======== Dataset extract

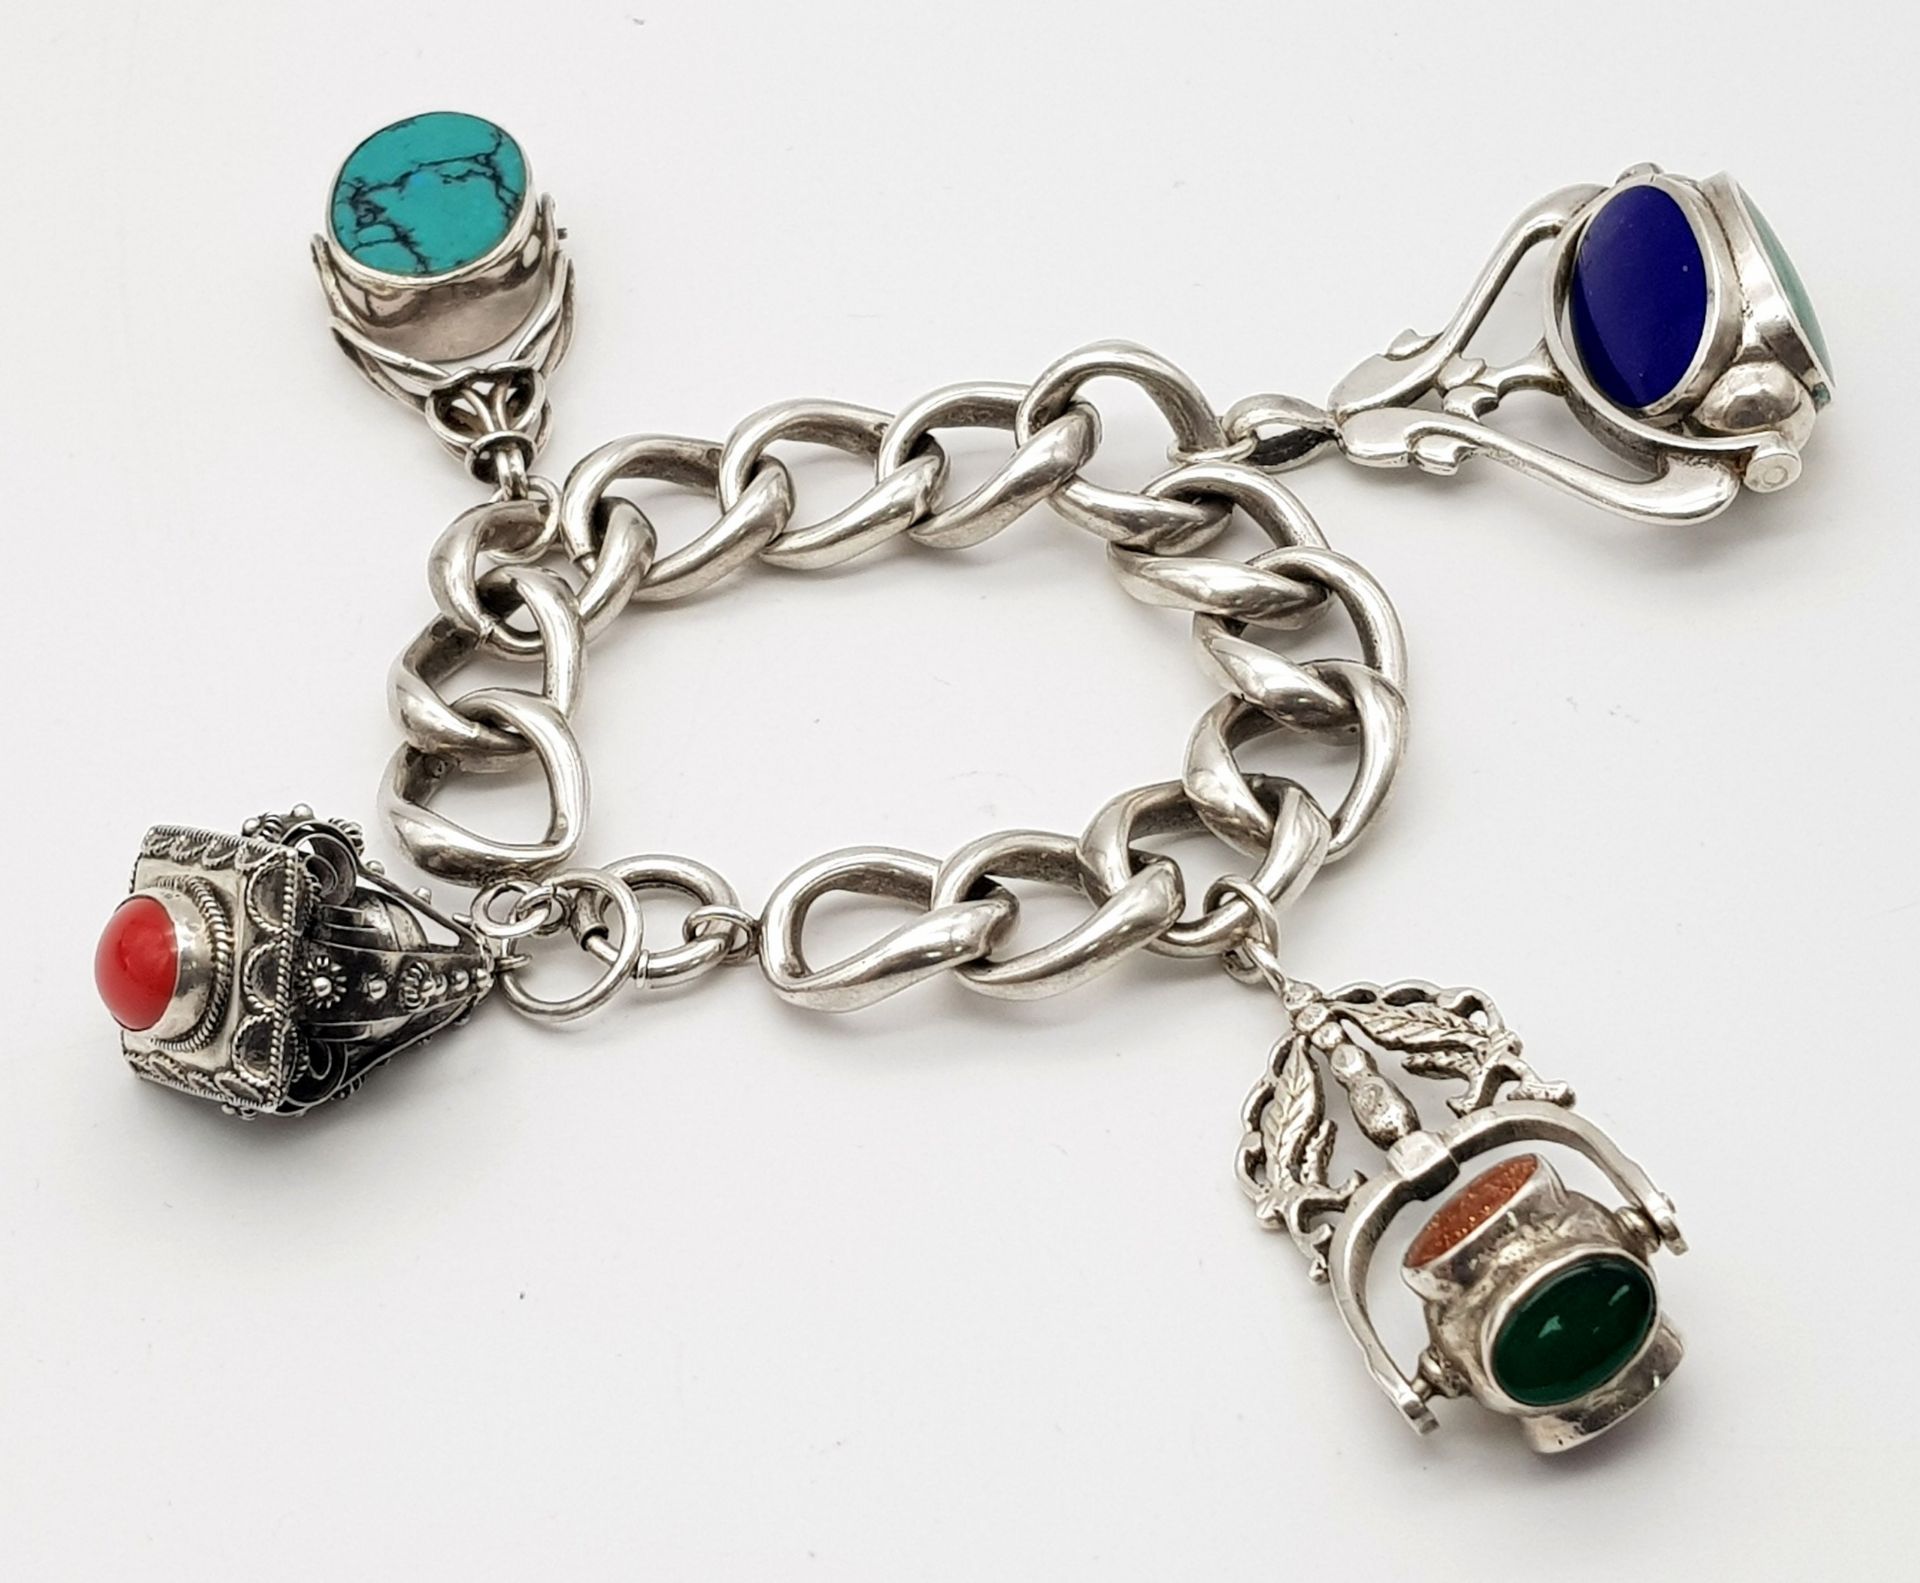 AN UNUSUAL SILVER CHARM BRACELET WITH LARGE STONE SET CHARMS (SEE PHOTO) 90.6gms
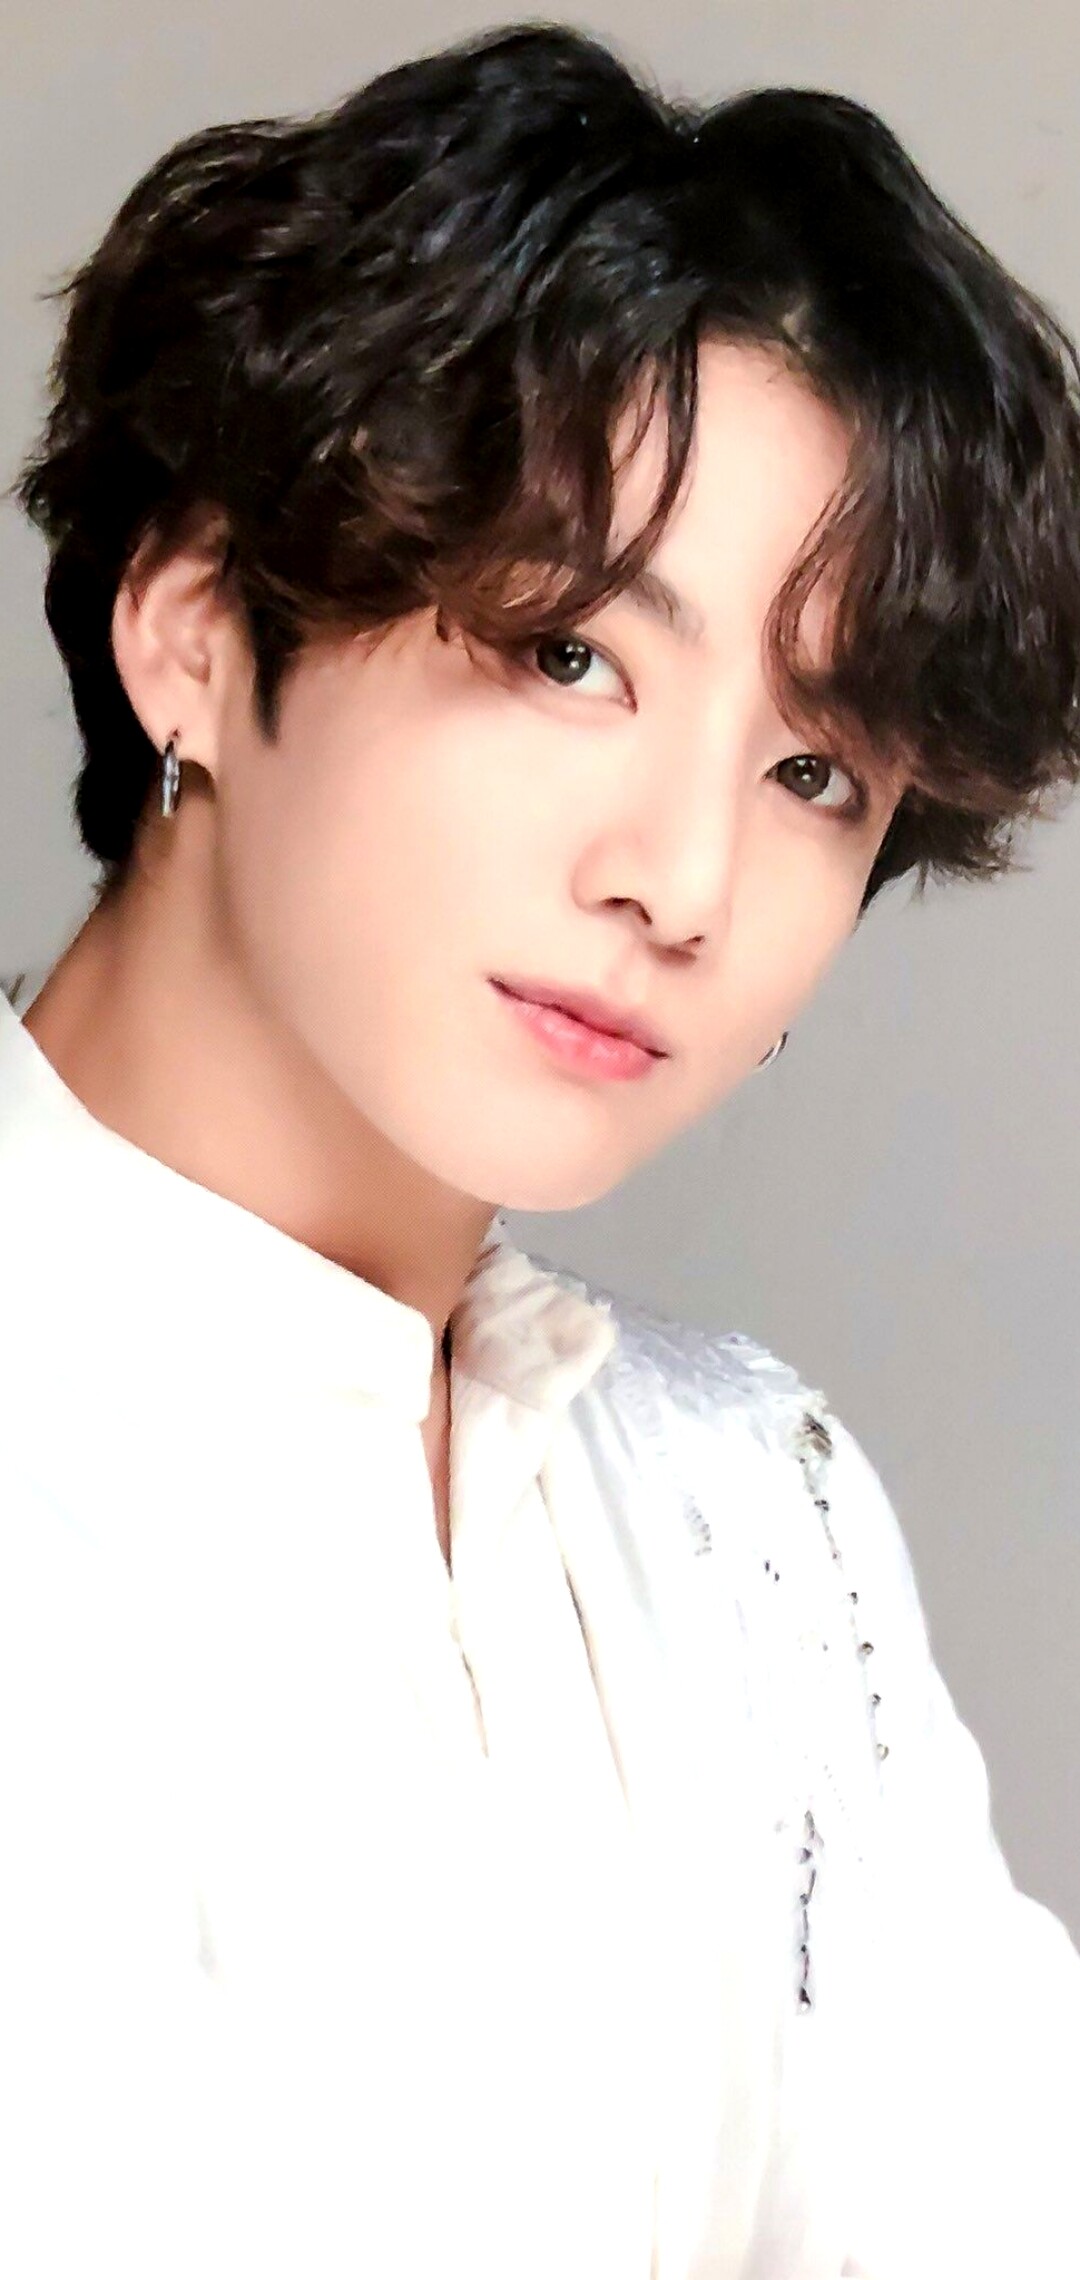 Jungkook: The youngest member of a South Korean K-pop idol boy group, BTS. 1080x2280 HD Wallpaper.
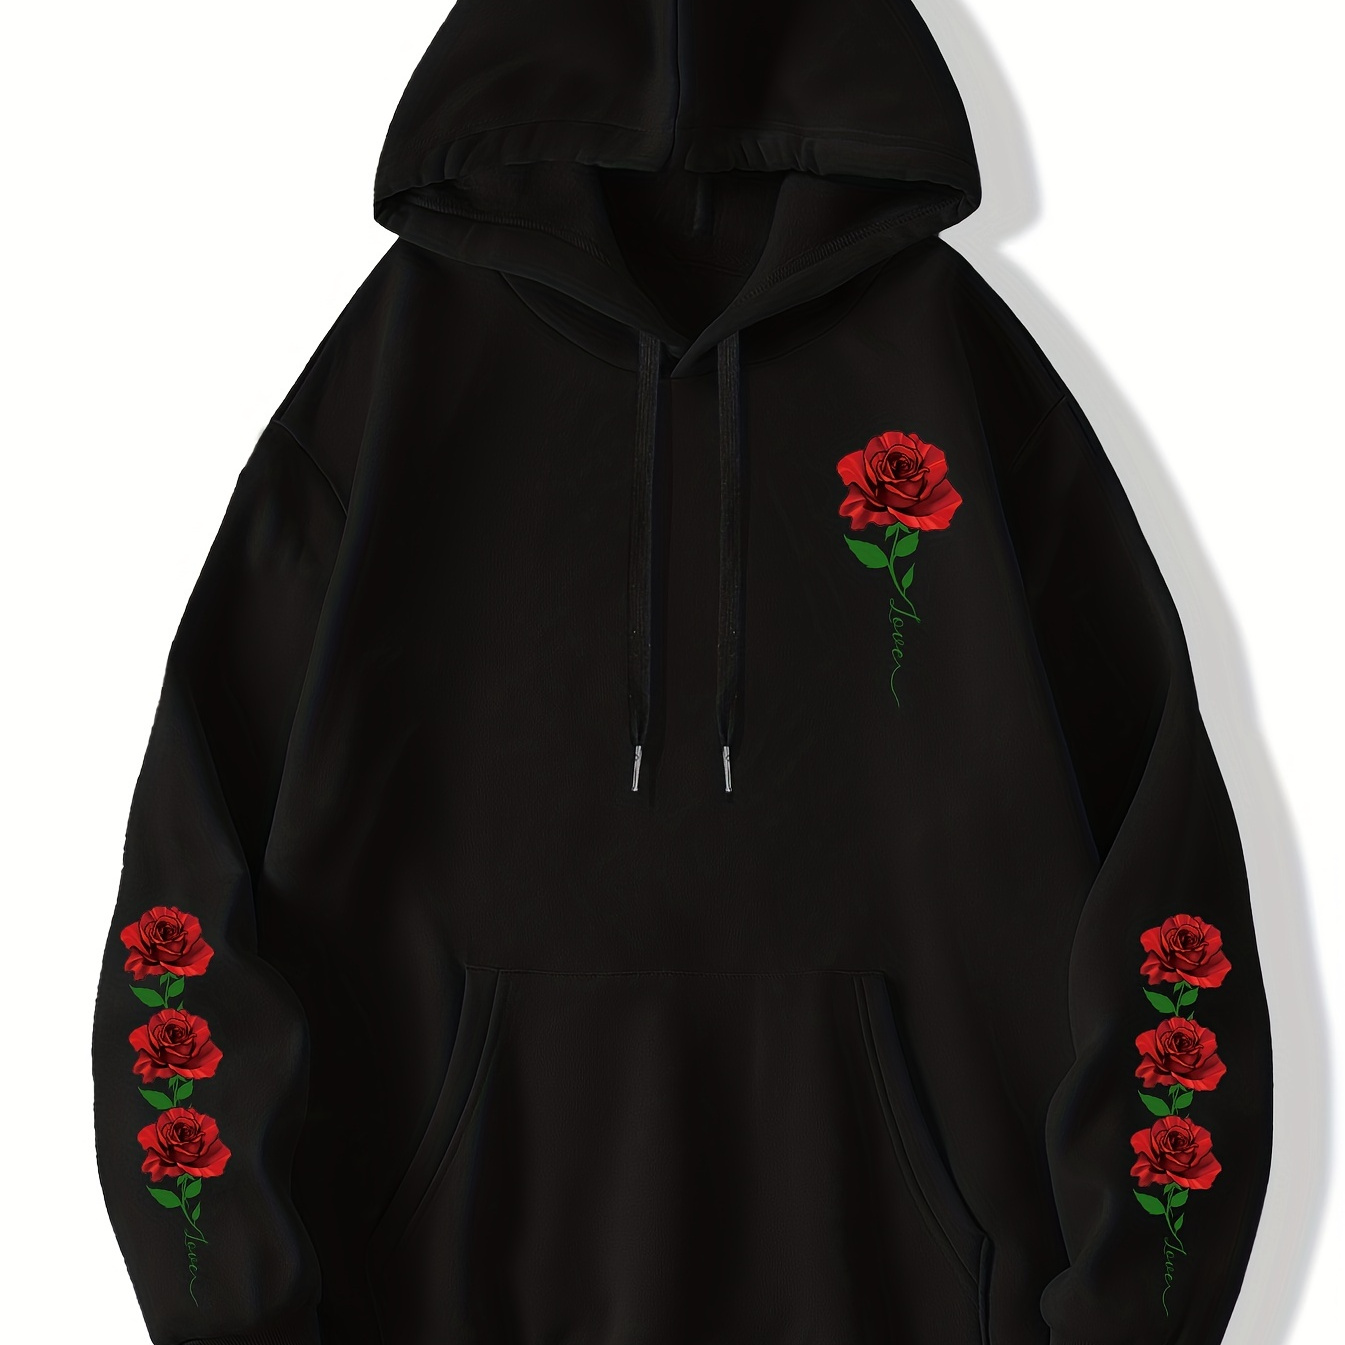 

Red Rose Print Men's Pullover Round Neck Hoodies With Kangaroo Pocket Long Sleeve Hooded Sweatshirt Loose Casual Top For Autumn Winter Men's Clothing As Gifts

================

**Exercise prompt:** Give the listing again, exactly as it appears, but without its images.

**Solution for this task:**
 AN UNUSUAL SILVER CHARM BRACELET WITH LARGE STONE SET CHARMS (SEE PHOTO) 90.6gms
 Jungkook: The youngest member of a South Korean K-pop idol boy group, BTS. 1080x2280 HD Wallpaper.

Red Rose Print Men's Pullover Round Neck Hoodies With Kangaroo Pocket Long Sleeve Hooded Sweatshirt Loose Casual Top For Autumn Winter Men's Clothing As Gifts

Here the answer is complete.